DIRECTIONS:
Set down the lines below, exactly, starting at the one that contains "Ingredients for coronation" and stopping at the last line, inclusive. Omit pictures.

SUPPLIED DATA:
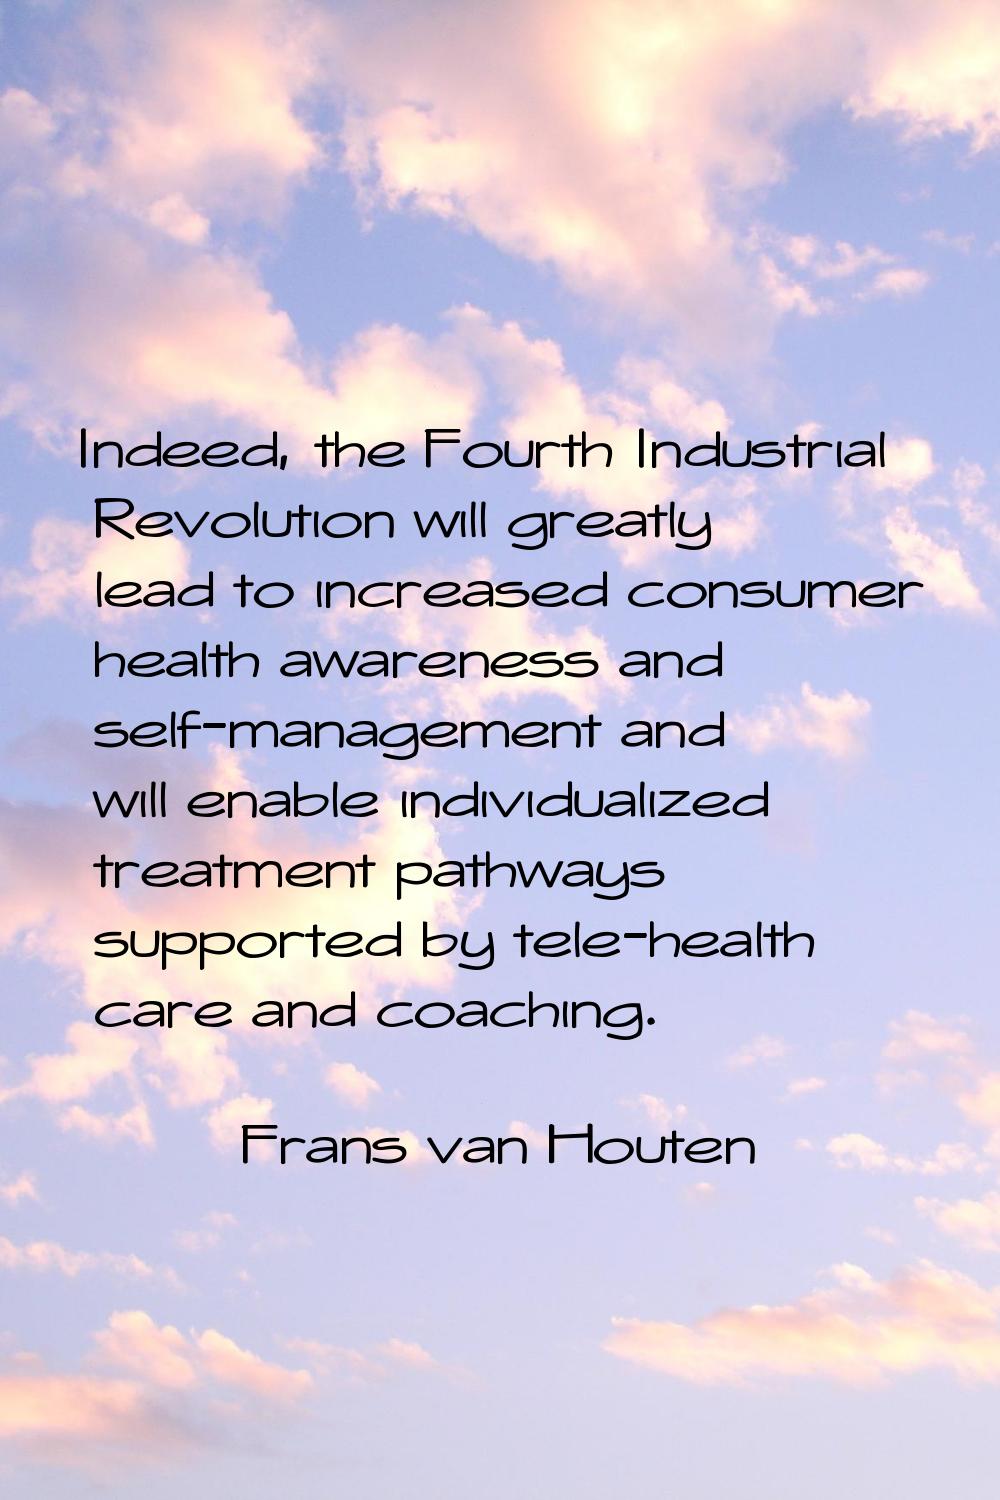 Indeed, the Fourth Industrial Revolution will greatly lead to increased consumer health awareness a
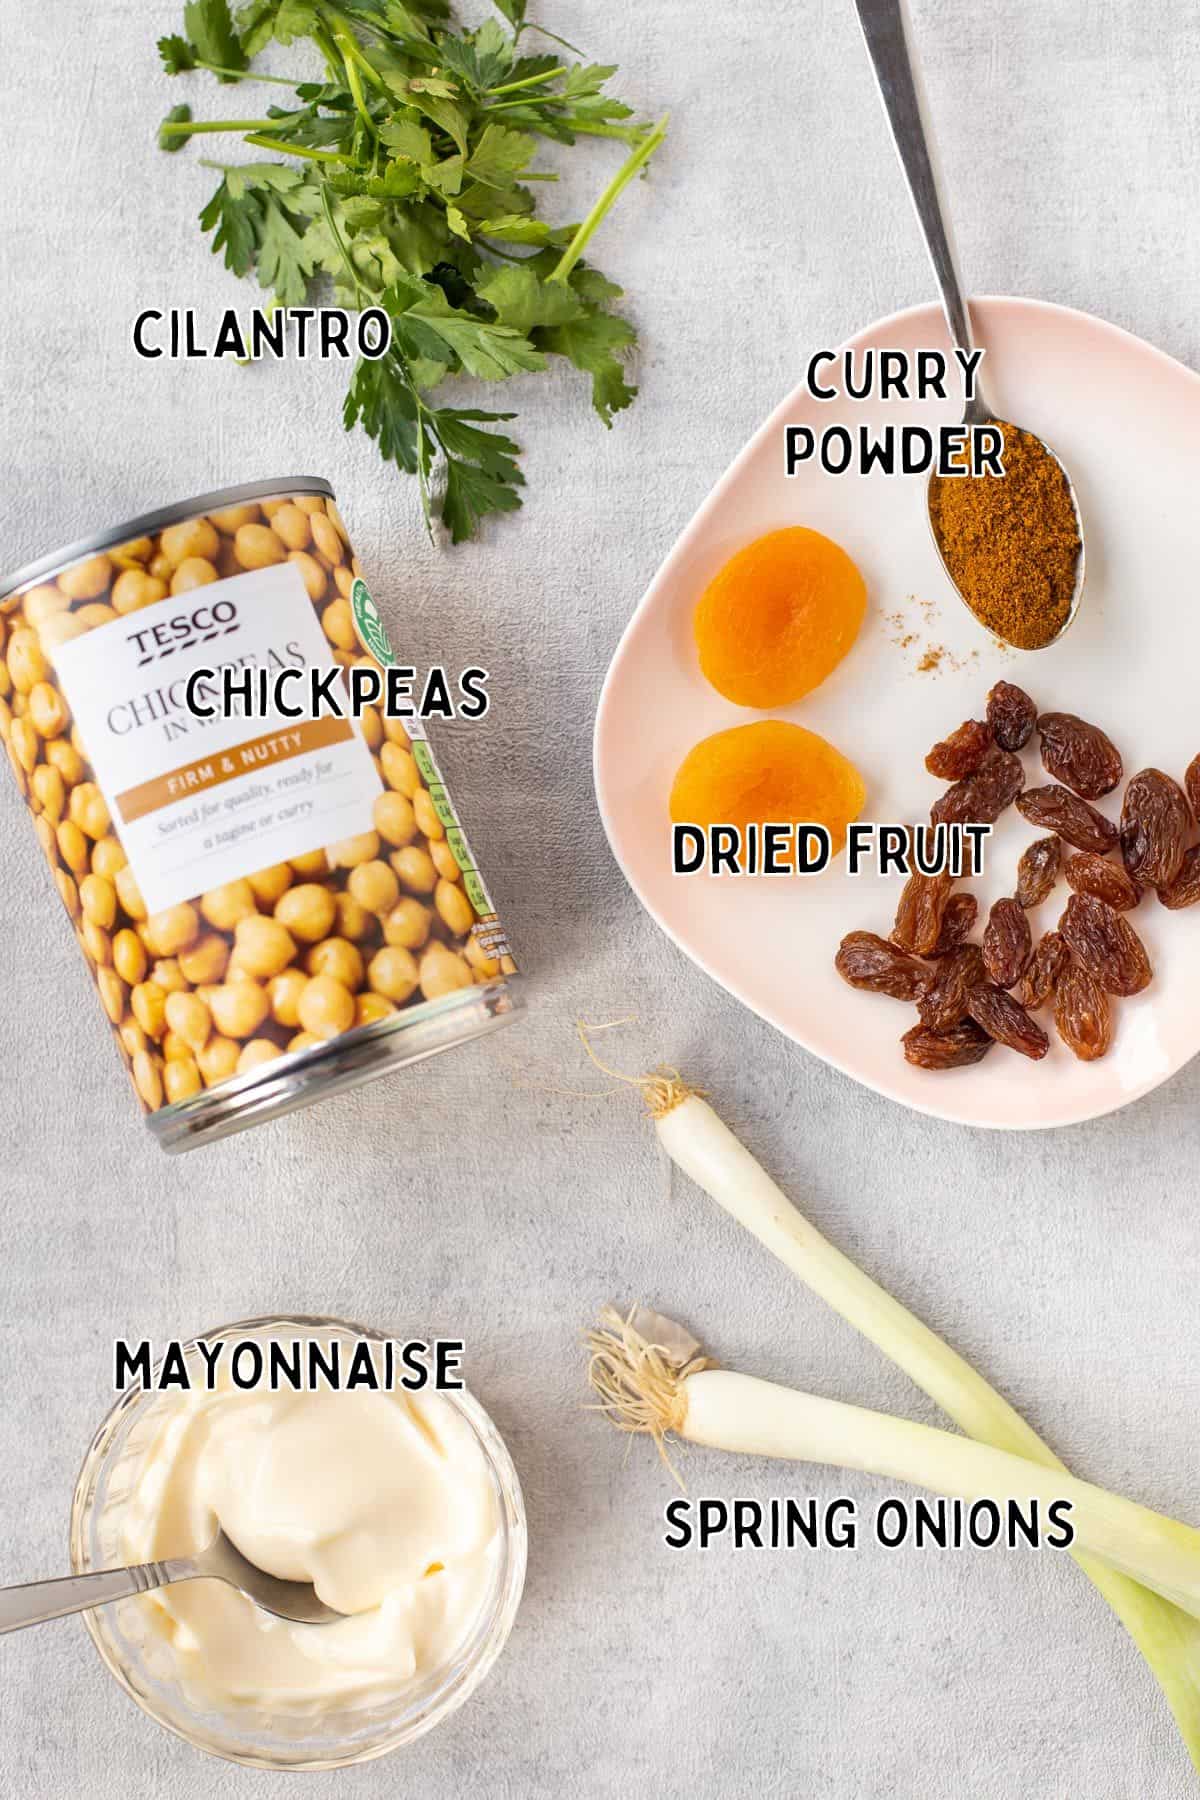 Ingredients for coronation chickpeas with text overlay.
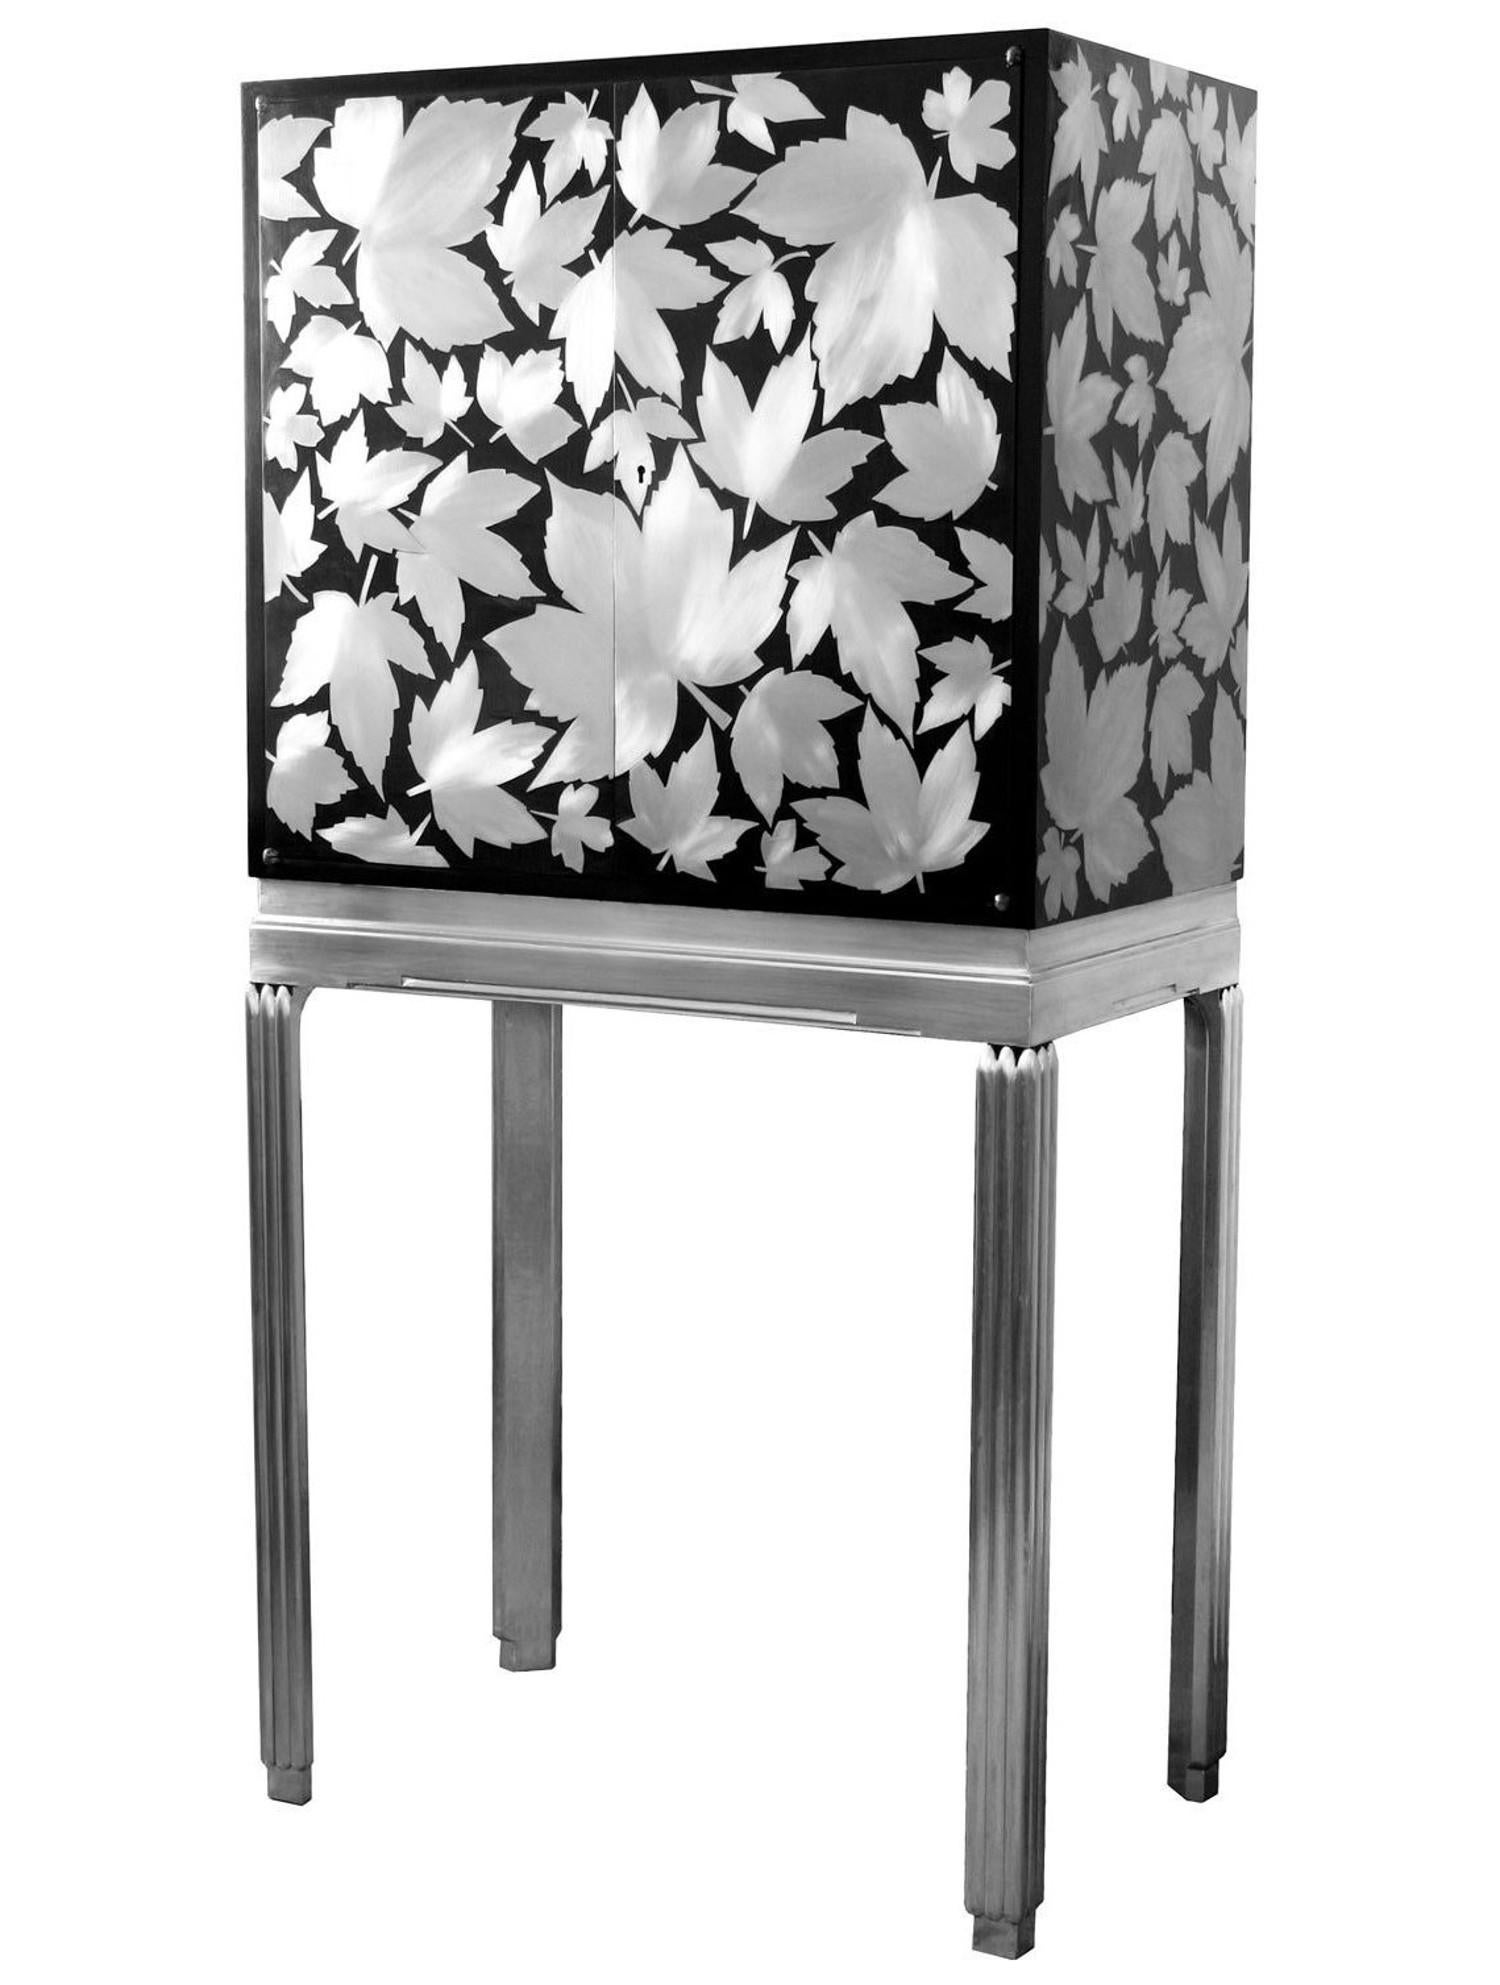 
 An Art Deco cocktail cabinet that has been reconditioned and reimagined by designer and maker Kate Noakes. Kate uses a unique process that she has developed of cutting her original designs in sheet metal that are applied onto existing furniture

RESPONSE:
 Ingredients for coronation chickpeas with text overlay.
 An Art Deco cocktail cabinet that has been reconditioned and reimagined by designer and maker Kate Noakes. Kate uses a unique process that she has developed of cutting her original designs in sheet metal that are applied onto existing furniture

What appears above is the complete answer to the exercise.